I don't have a lot of time to interpret this, so let's summarise the highest 10 and lowest 10 as these are good candidates for describing the strongest relationships and potentially feeding into a prediction model of what actions people might choose.

In [96]:
conditional_prob_ratios_melted = (
    pd.melt(
        conditional_prob_ratios,
        value_name = 'cond_prob',
        ignore_index = False)
    .reset_index()
    .sort_values(by = 'cond_prob')
    .loc[:, ['event', 'given_event', 'cond_prob']] 
)

### Strongest positive relationships

The largest ratio of $ \frac{P(A | B)}{P(A | \neg B)} $

In [98]:
conditional_prob_ratios_topten = conditional_prob_ratios_melted.iloc[-10:, :]
conditional_prob_ratios_topten

Unnamed: 0,event,given_event,cond_prob
66,action_composting,"age_[56.0, 100.0]",1.970052
127,action_meat_free_monday,age_unknown,2.049261
139,action_meat_free_monday,badge_sup_charities,2.071704
122,action_meat_free_monday,gender_Other/Unknown,2.135807
177,action_drive_electric_vehicle,badge_org,2.176735
164,action_drive_electric_vehicle,"age_[31.0, 40.0]",2.227545
173,action_drive_electric_vehicle,badge_carb_neutral,2.229656
86,action_using_renewable_energy,"age_[56.0, 100.0]",2.408364
125,action_meat_free_monday,"age_[41.0, 55.0]",2.898879
32,action_vegan,badge_vegan,9.786578


Perhaps unsurprisingly, a user who chooses `badge_vegan` is almost 10 times more likely to choose `action_vegan` than a user who does not choose `badge_vegan`.

Users in the age bracket `[41 , 55]` are close to 3 times more likely to choose `action_meat_free_monday` than those outside of this bracket. 

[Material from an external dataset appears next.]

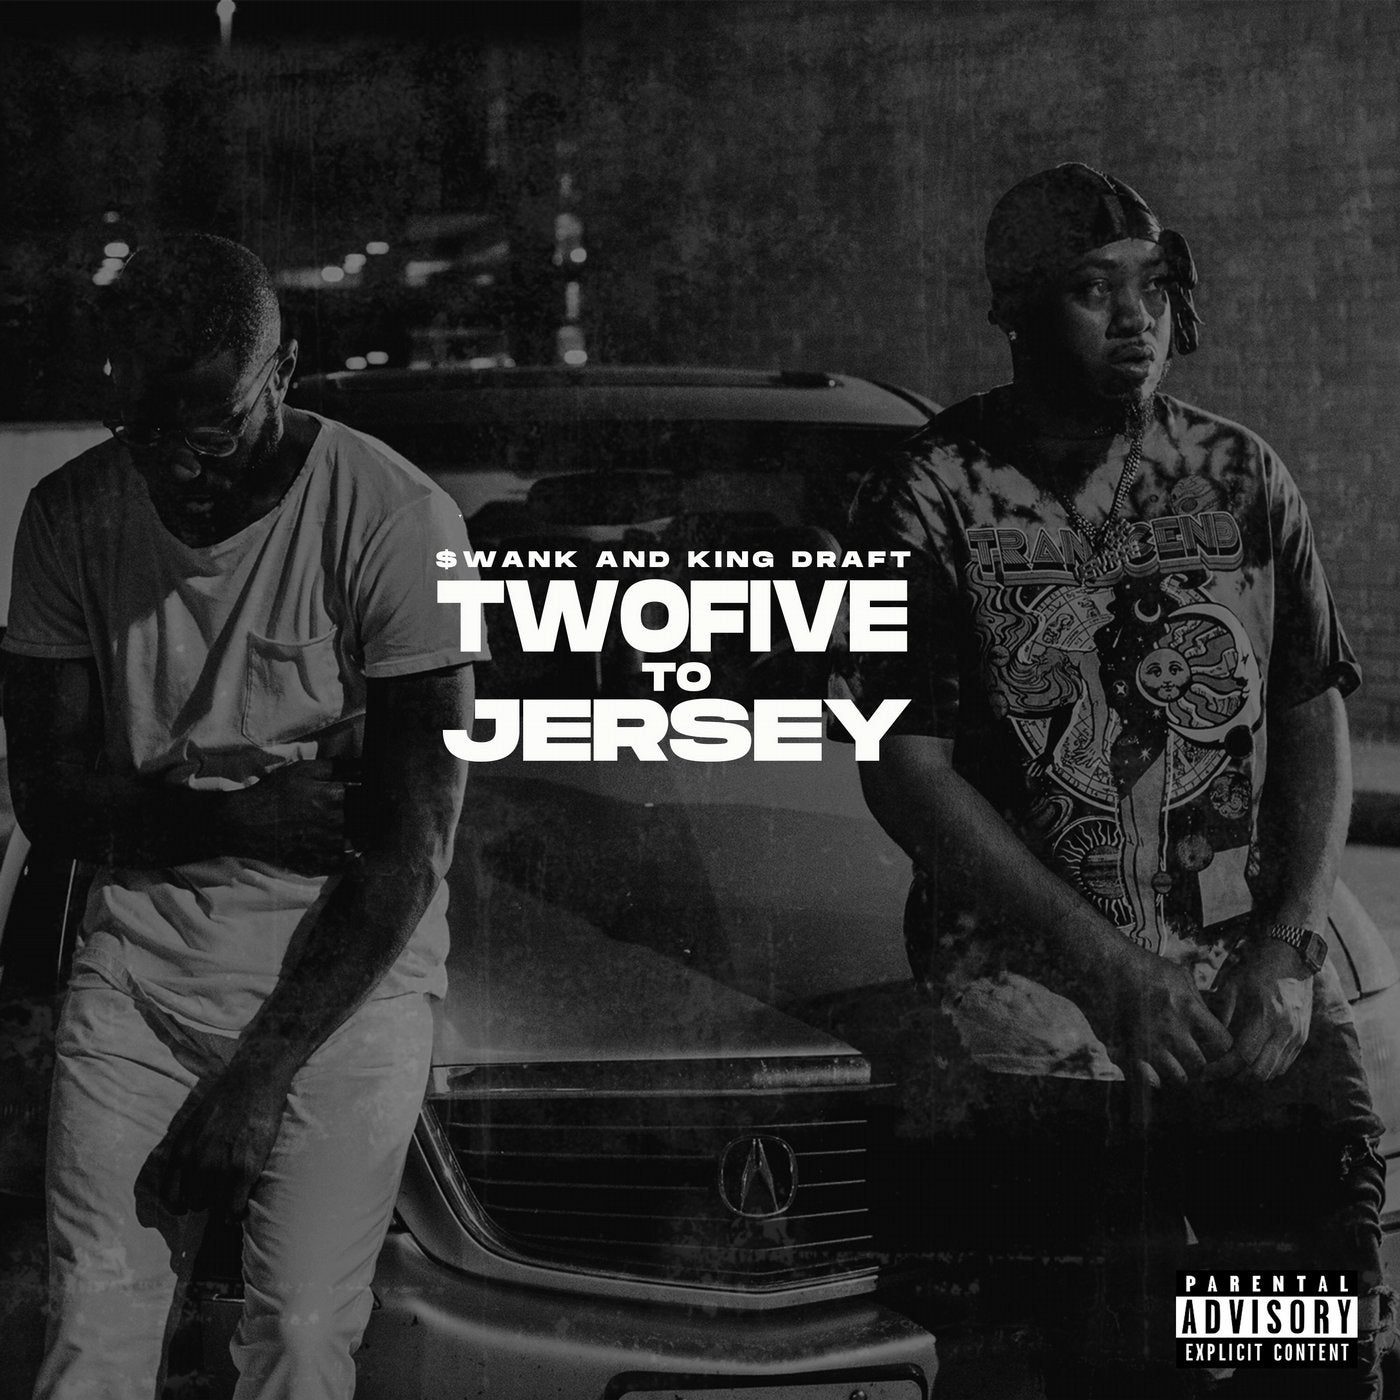 TwoFive to Jersey

People in the oldest age bracket `[56, 100]` are 2.4 times more likely to commit to `action_using_renewable_energy`.

People who chose `badge_carb_neutral` are 2.2 times more likely to commit to `action_drive_electric_vehicle`.

Indeed, the top ten is really dominated by the actions `action_meat_free_monday` and `action_drive_electric_vehicle`.

Let's explore this further by digging into the combinations of the `given_event` columns.

**They are already doing it, versus they want to do it**

In [107]:
event_name = 'action_drive_electric_vehicle'
event = user_data_onehot[event_name]

# get the top three `given_event`s from the `conditional_prob_ratios` frame
given_event_names = conditional_prob_ratios_topten.loc[
    conditional_prob_ratios_topten.event == event_name,
    'given_event']

# we'll drop `age_unknown` here as it is mutually exclusive with `age_[41.0, 55.0]`
# given_event_names = given_event_names.iloc[1:]

# now the `given_event` becomes when _all_ of these events are true for the user 
given_event = user_data_onehot[given_event_names].all(axis = 1)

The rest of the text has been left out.